Scarface (Howard Hawks, 1932)

It’s strange to find Scarface absent from the AFI 100, though it was one of the 400 films nominated for inclusion and is featured on their list of Top 10 Gangster films. Along with Pubic Enemy and Little Caesar, Scarface is one of the most influential gangster pictures of the 1930’s, which is no doubt why Jonathan Rosenbaum sought to include it on his alternate 100. Prior to Scarface, I’d seen four of Hawks’s films (Bringing Up Baby, His Girl Friday, The Big Sleep, and Red River), so I was aware of his great versatility in terms of genre and adeptness with quick, witty dialogue. While I can’t claim to be a huge Hawks fan, his films are always been worth watching–practically unavoidable if you like Golden Age cinema.
Of course, you probably know the story already: gangster Tony Camonte, nicknamed Scarface, works his way up the crime ladder and isinevitably destroyed by his own greed and egotism. Scarface is played by Paul Muni, whose fascinating performance serves as the film’s center. His Tony Camonte is a brutish ape-like child, for whom violence elicits a sick joy. The perverseness of the character is heightened by a nearly incestuous concern for his sharp-talking sister (played by Ann Dvorak). The cast is rounded out by a variety of mostly solid players, including Boris Karloff as the rival gang boss Osgood Perkins (father of Anthony Perkins) as the Johnny Lovo, as the gang boss Scarface works under and will eventually overthrow. Karen Morley plays Lovo’s girl, Poppy. She is given little more to do than look pretty and act a bit tough, but the first meeting between Poppy and Scarface is mildly provocative for the period, as she is clearly Lovo’s unmarried kept mistress, introduced in nothing more than a silk slip.
At the time of its release, Scarface was provocative and violent enough that it did not pass muster with some regional censors. Several scenes were “cleaned up,” and an alternate ending was added, but Hawks and producer Howard Hughes were so unsatisfied with the results that they opted instead to show the original cut in cities with less strict censor boards. While the alternate ending included on the DVD punishes Camonte far more severely and leaves no question as to his immoral character, the original cut is not lacking in the overt moralization lacking in more recent gangster/crime films.
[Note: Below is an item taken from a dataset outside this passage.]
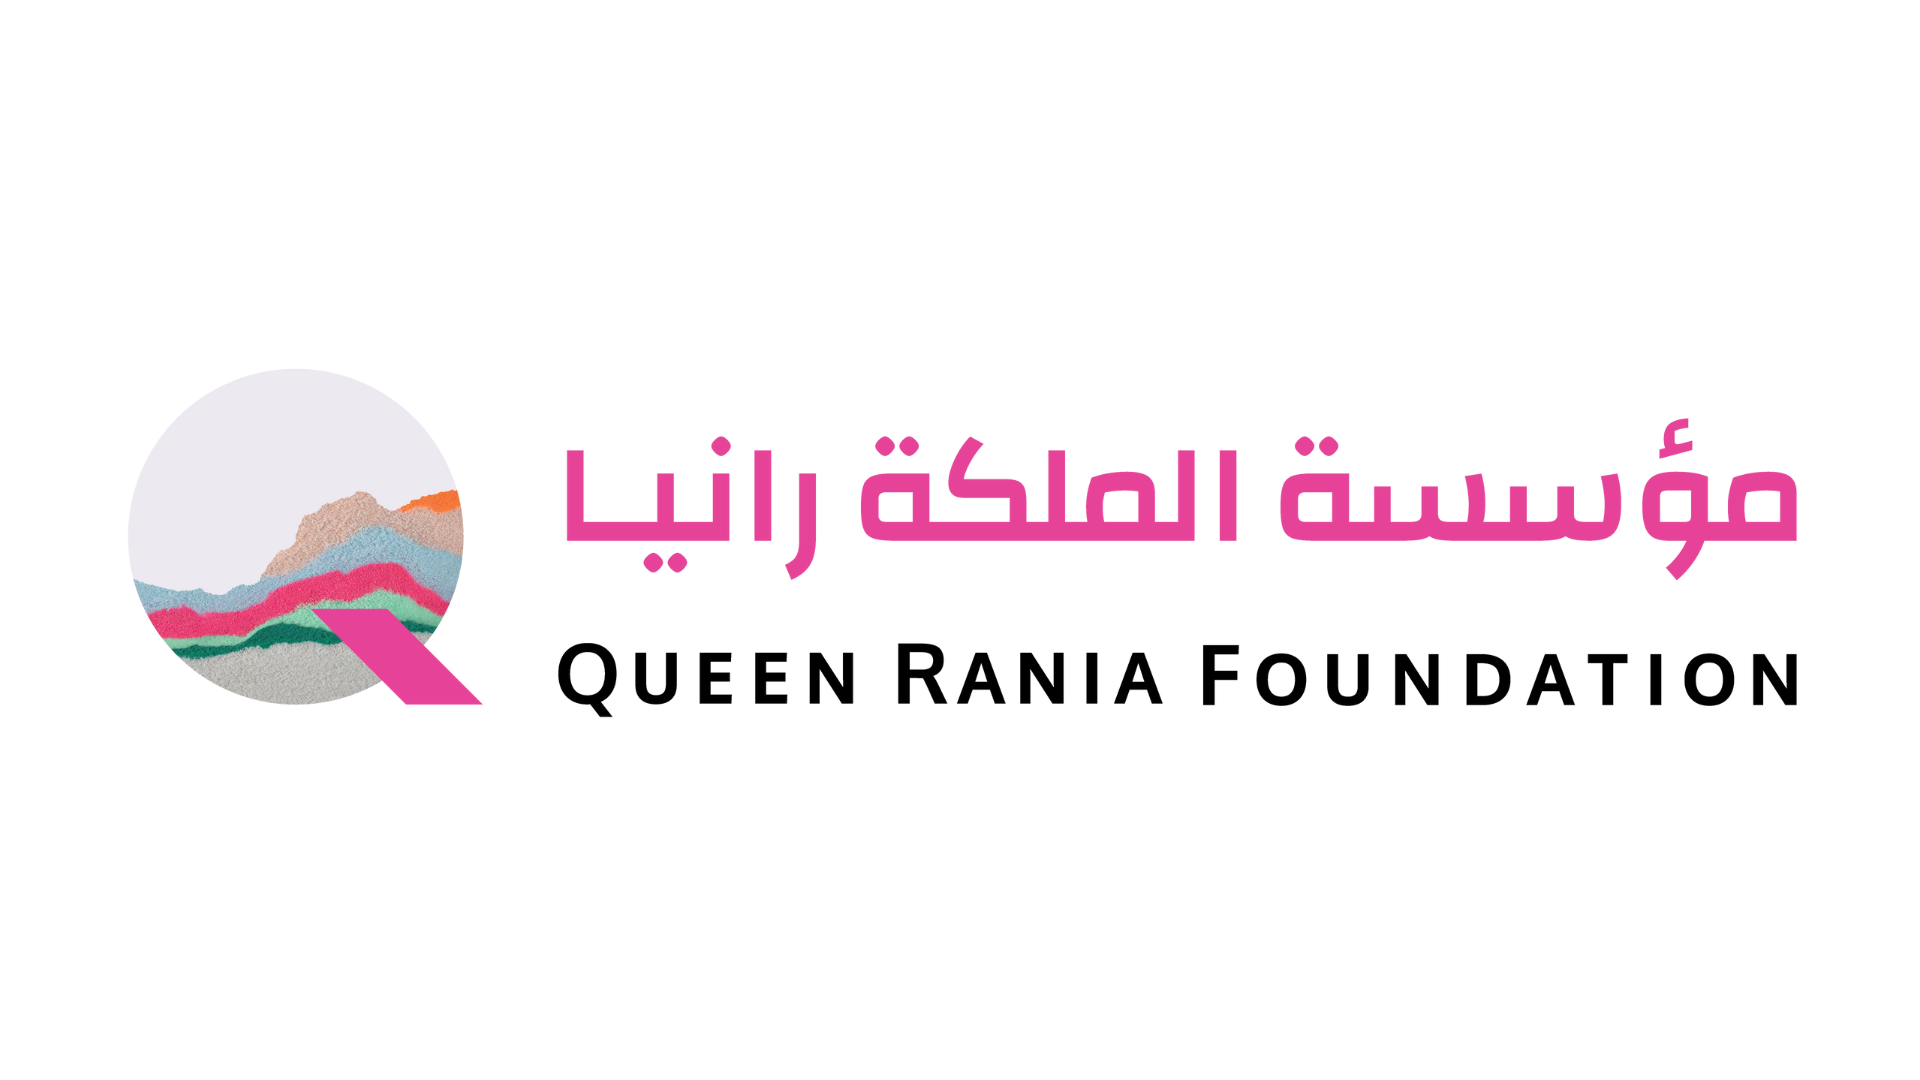 Queen Rania Foundation logo

The intro title card informs us that:
This picture is an indictment of gang rule in America and of the callous indifference of the government to this constantly increasing menace to our safety and our liberty.
A later conversation between the cops investigating and containing the gang war further bolsters this message, in addition to the characterization of Tony Camonte as an overgrown and egotistical child with a big gun responsible for his own downfall. Yet the film was (and, among some, continues to be) controversial for its realistic, at times fun, depiction of violence. Hawks’ gritty, ambivalent approach to the violence is much of what speaks to the contemporary viewer, in addition to its influence on filmmakers like Godard and Scorsese.
The violence and overall look of the film no doubt influenced the film noir of the 40’s and 50’s as well. Hawks makes brilliant use of light and shadow, particularly in the opening sequence in which we are introduced to Tony Camonte as only a shadow on the wall. The sequence leading up to Camonte’s death makes equally good use of chiaroscuro by way of police spotlight. Perhaps the most memorable image in the film is of the neon sign for a travel agency that reads “THE WORLD IS YOURS,” in which Camonte sees a reflection of his own desires, a dark shadow of the American Dream. Eventually, the sign serves as a blatant and ironic antithesis of those desires.

Despite the thin use of sound that plagues many films of the 30’s and the occasionally dated style of acting, Scarface is an engrossing film that transcends its age. I had not expected to like it quite as much as I did, but I came away quite impressed. Besides deserving its status as an influential classic, it’s an effectively ambivalent portrayal of both the glamor and foolishness of criminal culture in American society.